# Should SPN Keep The 'Like' Button? SPN Poll



## Ishna (May 17, 2013)

Hello admin jios

I'd like to make a suggestion please.  I've spent some time on a few other forums over the past 8 or so months, and I've noticed that while most have a 'like'-type reputation system, a lot of them don't display a list of which users like which posts.  SPN does.

I feel that sometimes the 'like' system at SPN can create a bit of an 'us vs them' image, where one side of an argument is getting all the 'likes' and the other side isn't.

But as this is my feeling alone, perhaps SPN could have a poll to find out the views of other members with a view to changing it possibly?

I appreciate the 'like' system, however I think it might be good if you could only see when you yourself like a particular post, rather than seeing all the members who like the post.

Thanks for reading.


----------



## spnadmin (May 17, 2013)

ishna ji

I hear you.
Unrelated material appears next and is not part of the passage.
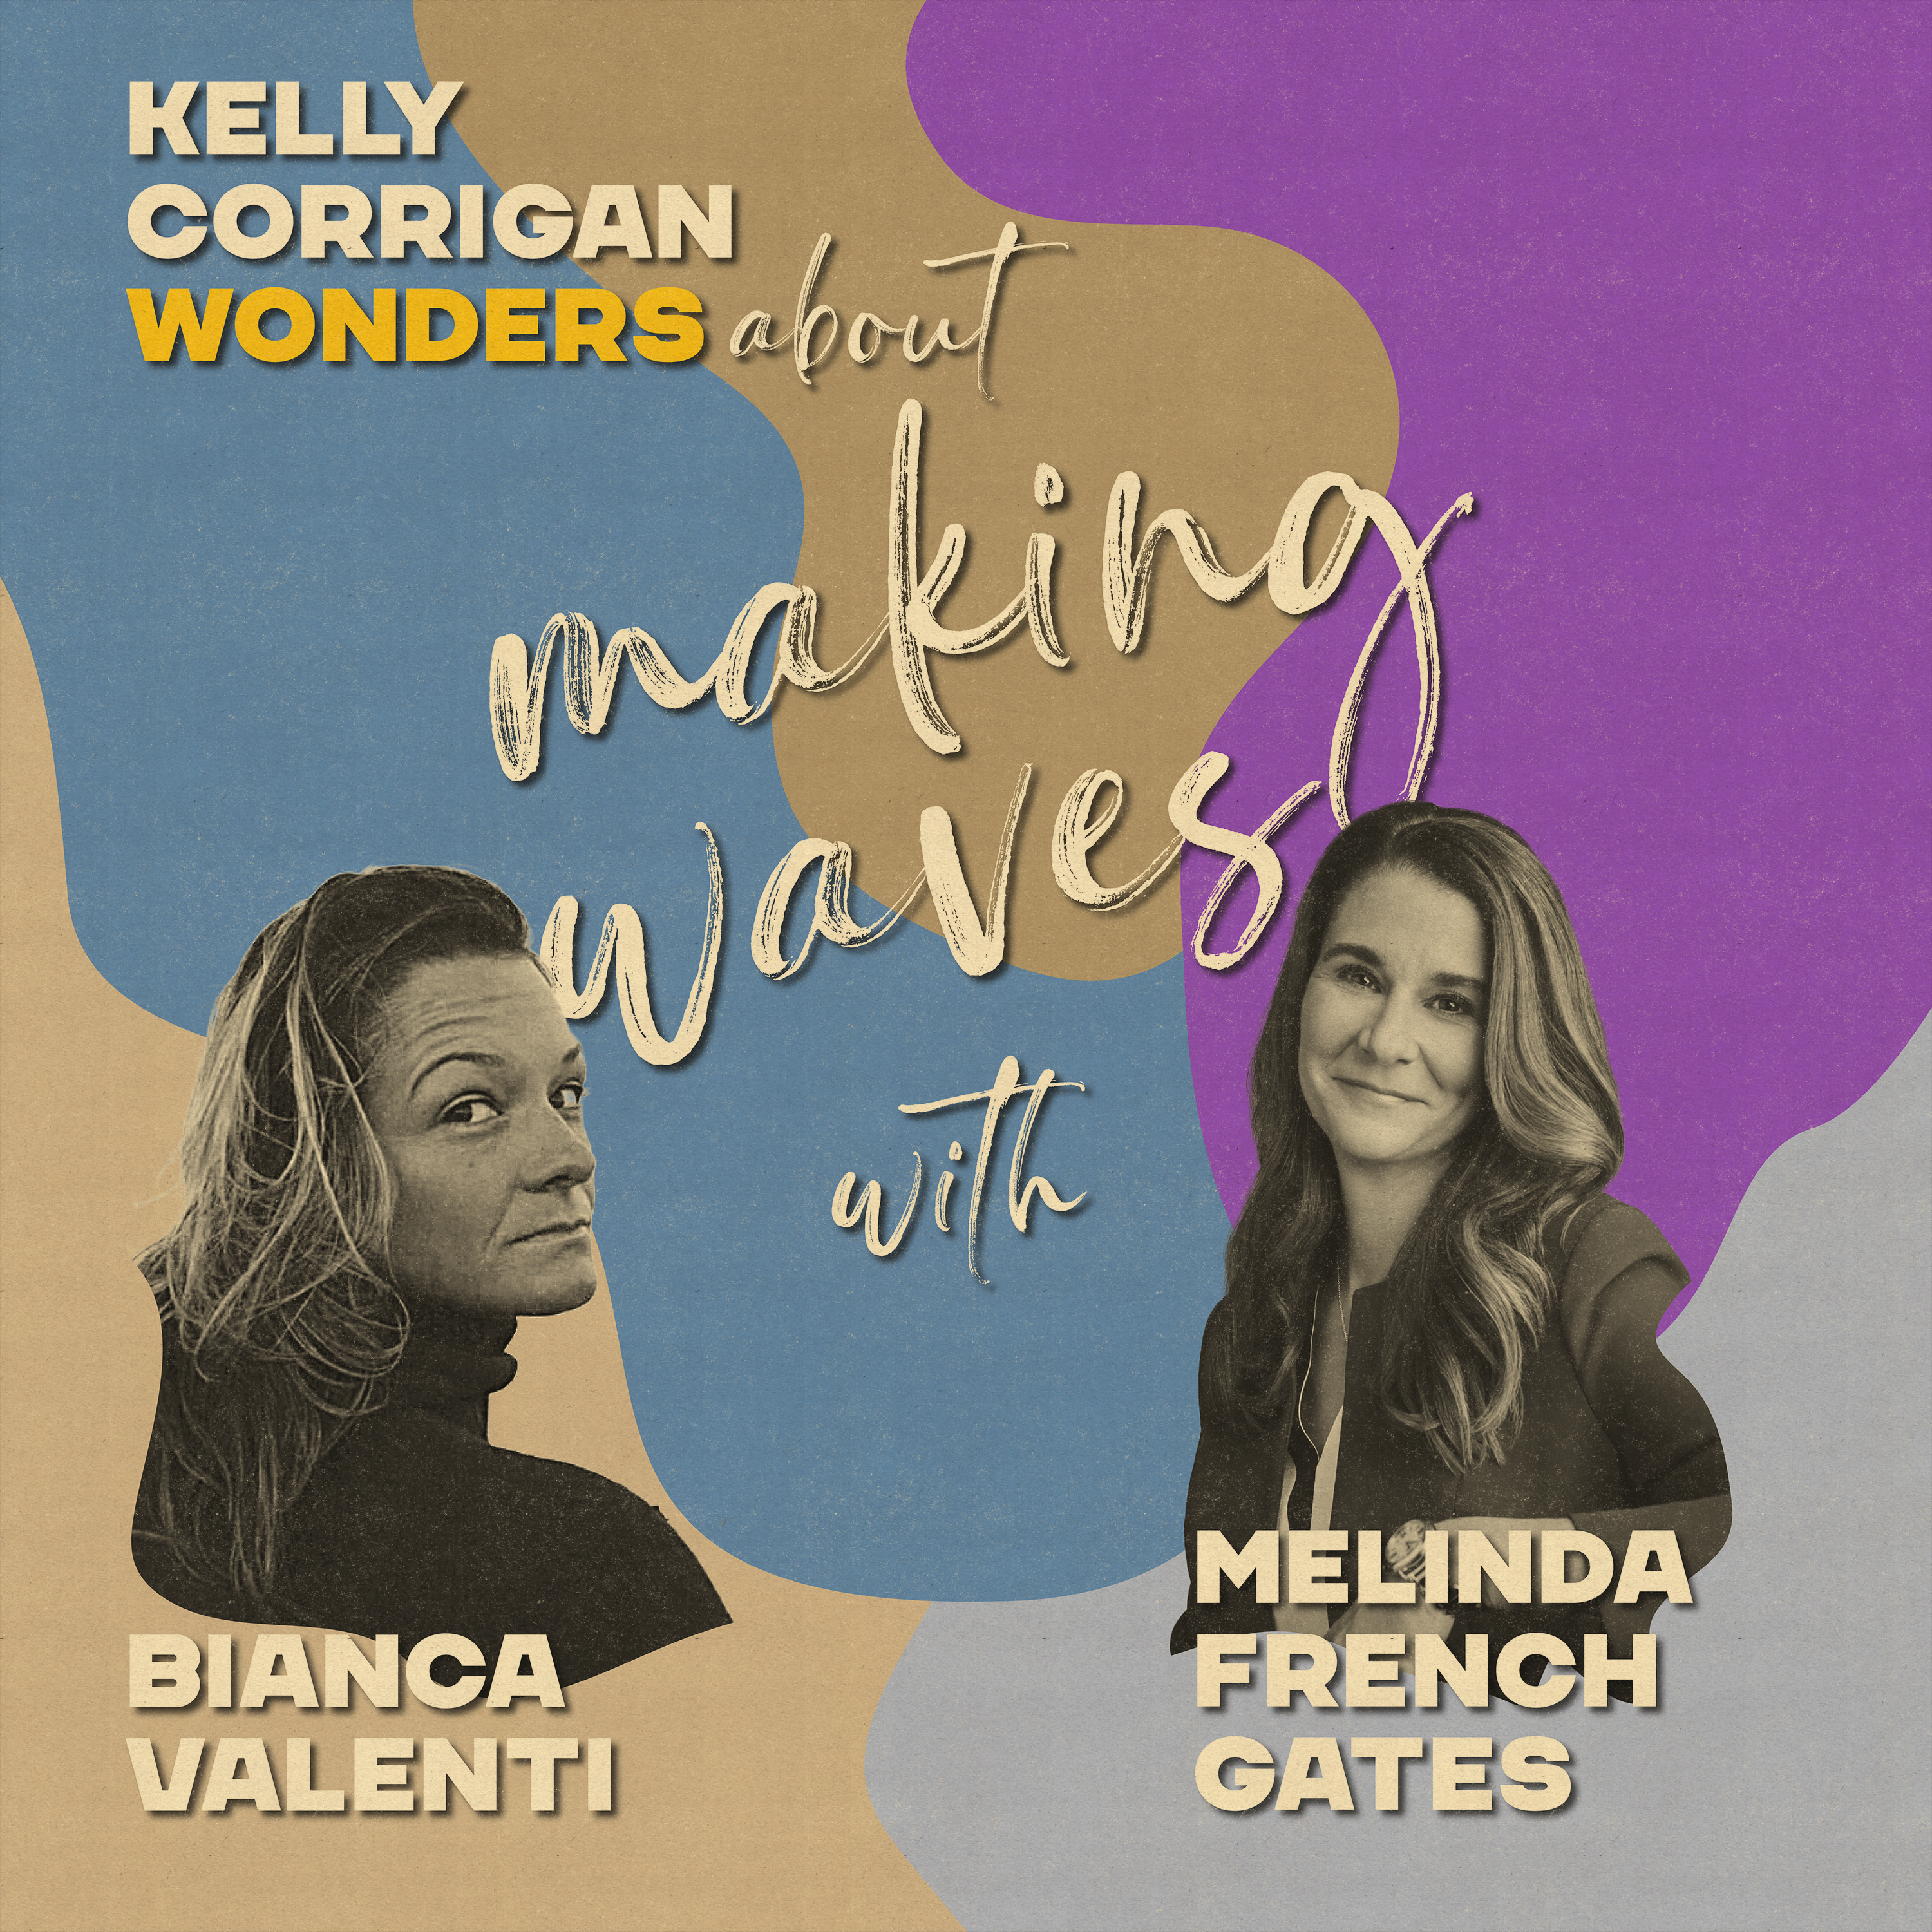 Bianca Valenti and Melinda French Gates on Making Waves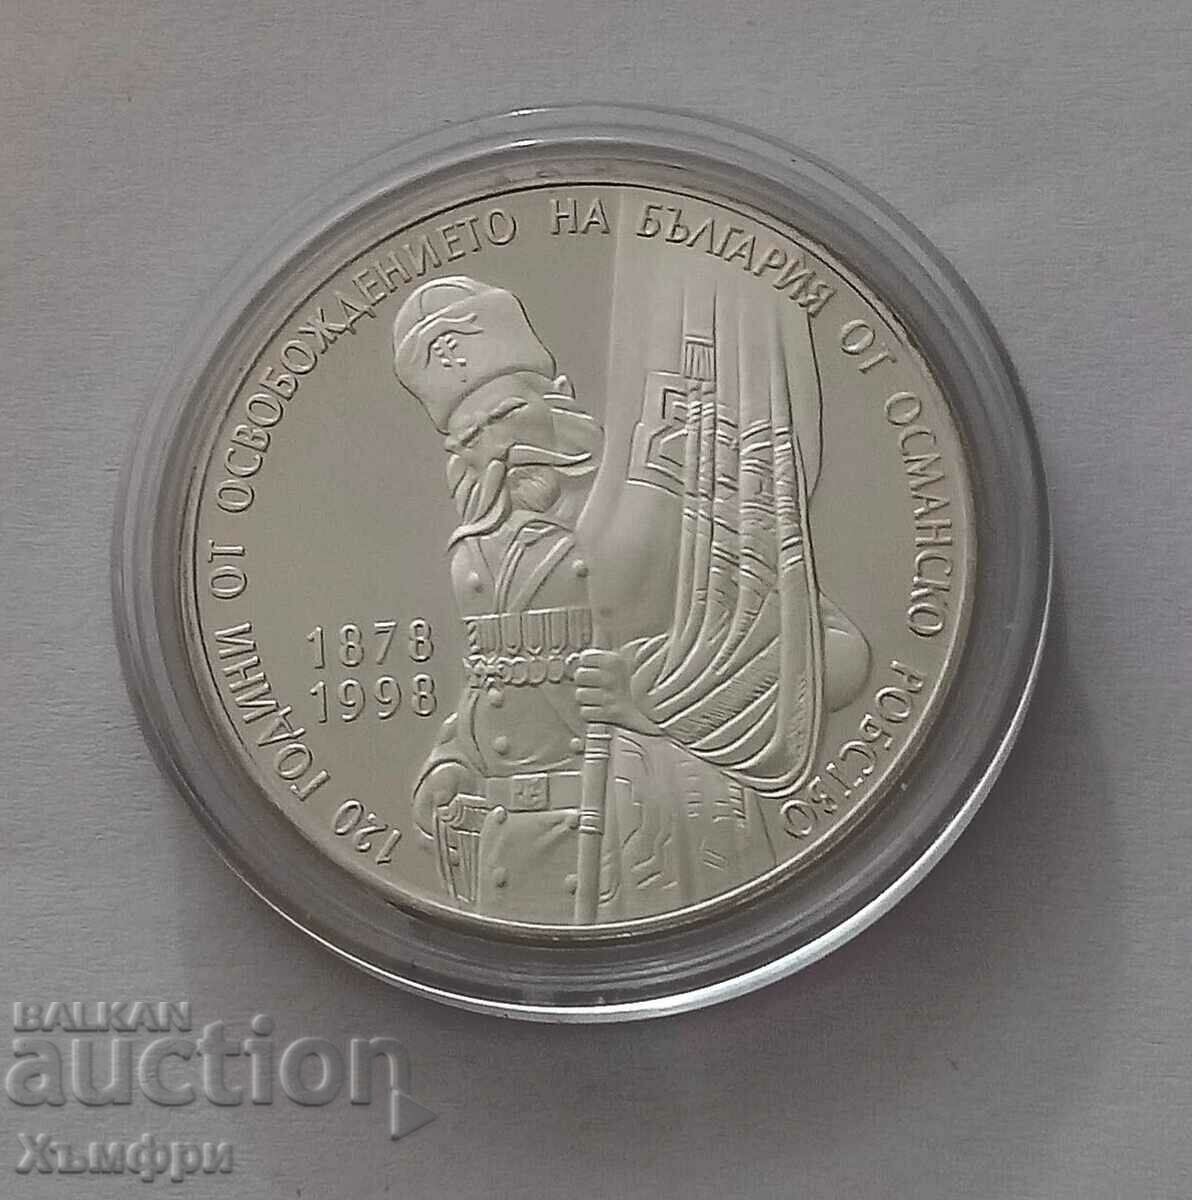 Сребърна монета 120 години от освобождението на България от

It bothers me too for a lot of reasons. Sometimes I want to encourage a person even when I don't agree. Other times I really agree. It can backfire however with the shy people made very self-conscious about the Like button. I if they don't get a Like will that make them go into a shell? Let's have the moderators discuss it in our Leaders' Section.


----------



## spnadmin (May 17, 2013)

Before we have any private discussions, let's encourage people reading this thread to express their views.


----------



## Randip Singh (May 17, 2013)

Definite yes and a dislike button as well :grinningkudi:


----------



## Admin (May 17, 2013)

*A definitive yes from me too!* I think its a Sikhi like to be upfront and let the poster know that he is being appreciated for her/his contributions. 

Randip ji, the dislike button was removed due to some apprehensions by some _'sensitive'_ members... 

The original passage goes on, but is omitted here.